Lioness killed inside Amboseli Park

The on-going human-wildlife conflict in Amboseli moved a notch higher yesterday with a complete show of bravado never seen in the recent past. Monday in the middle of the night a lioness, Amyjane, had jumped into a boma adjacent to the park, killed a donkey and cow, and was speared in the front left leg. The morans responsible for the spearing wanted to follow her into the park, but were persuaded not to by elders and village leaders. The morans heeded their advice, but continued to monitor the movement of the lioness inside the park. The following morning we were called in to track and assess the situation of the lioness. She was deep inside a small thicket when we found her and it was clear that she was experiencing a lot of pain. She didn’t move when we drove close with the vehicle and she exhibited a lot of aggression which is unlike her normal behavior.

One of the last photos of Amyjane alive

Then as fate would have it, the veterinary officer that was supposed to treat her was summoned very early in the morning to attend to a rhino that had died due to a gun wound from poachers in the Chyulu Game Reserve. While awaiting the vet to arrive, we responded to another depredation report we received from Lion Guardian Jackson in a nearby zone.

During that time, a herder brought livestock inside the park for water very close to where Amyjane was hidden. When she saw the herder, she growled and the livestock scampered for safety, thus prompting the herder to summon the morans from the nearby cultural boma. They responded immediately and tracked the lion within 10 minutes and speared her ten times till she succumbed to death.

At this time we had just finished verifying Jackson’s report and were on our way back to check on Amyjane, with five Kenya Wildlife Service rangers we picked up on the way. As we were approaching the site where we last saw her (about 50 meters away) we found a lion paw freshly cut. We immediately started to fret, but we also thought that maybe it belonged to another lion that might have been killed earlier that morning.
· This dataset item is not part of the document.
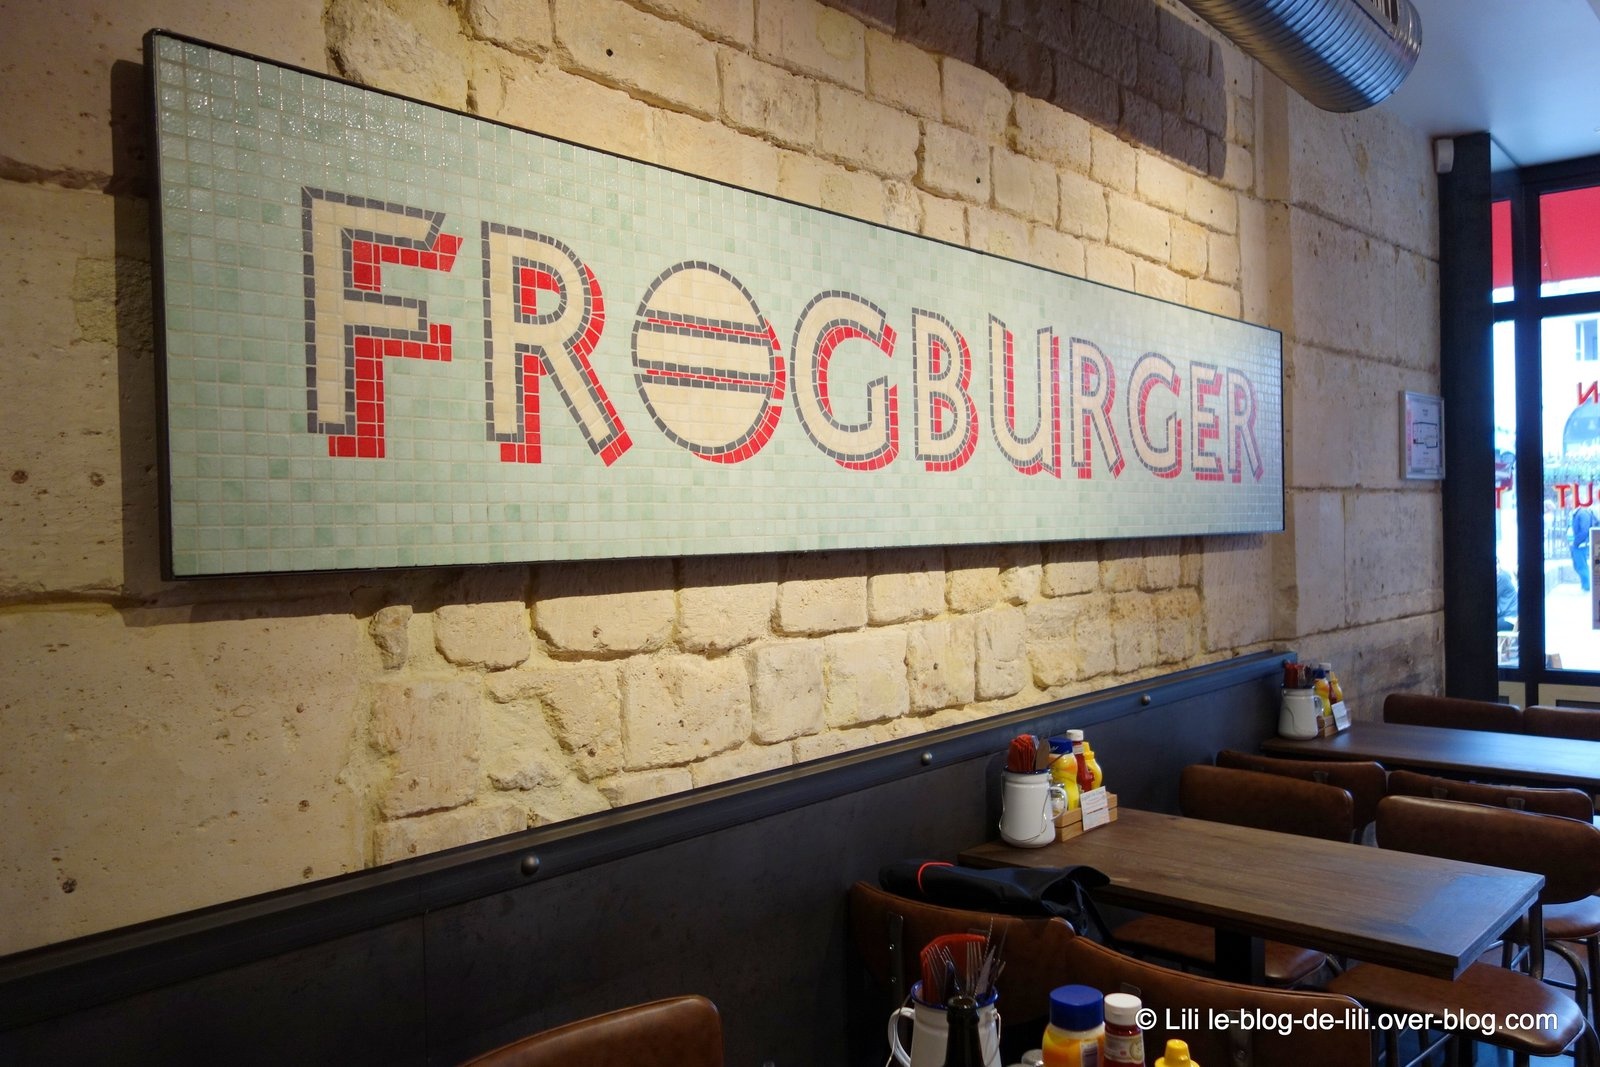 La coupe du monde s'invite chez Frogburger : j'ai testé et approuvé le Rio burger

Worried, we rushed to the site where we had last seen Amyjane just an hour ago, but she was nowhere to be seen! We immediately reached for the receiver to track her collar, but unfortunately after five minutes of searching we came up empty handed. At this time we returned with the KWS rangers to where the paw was found and started tracking the perpetrators foot prints. Using my traditional tracking skills we followed their fresh tracks for about five minutes until we reached Amyjane.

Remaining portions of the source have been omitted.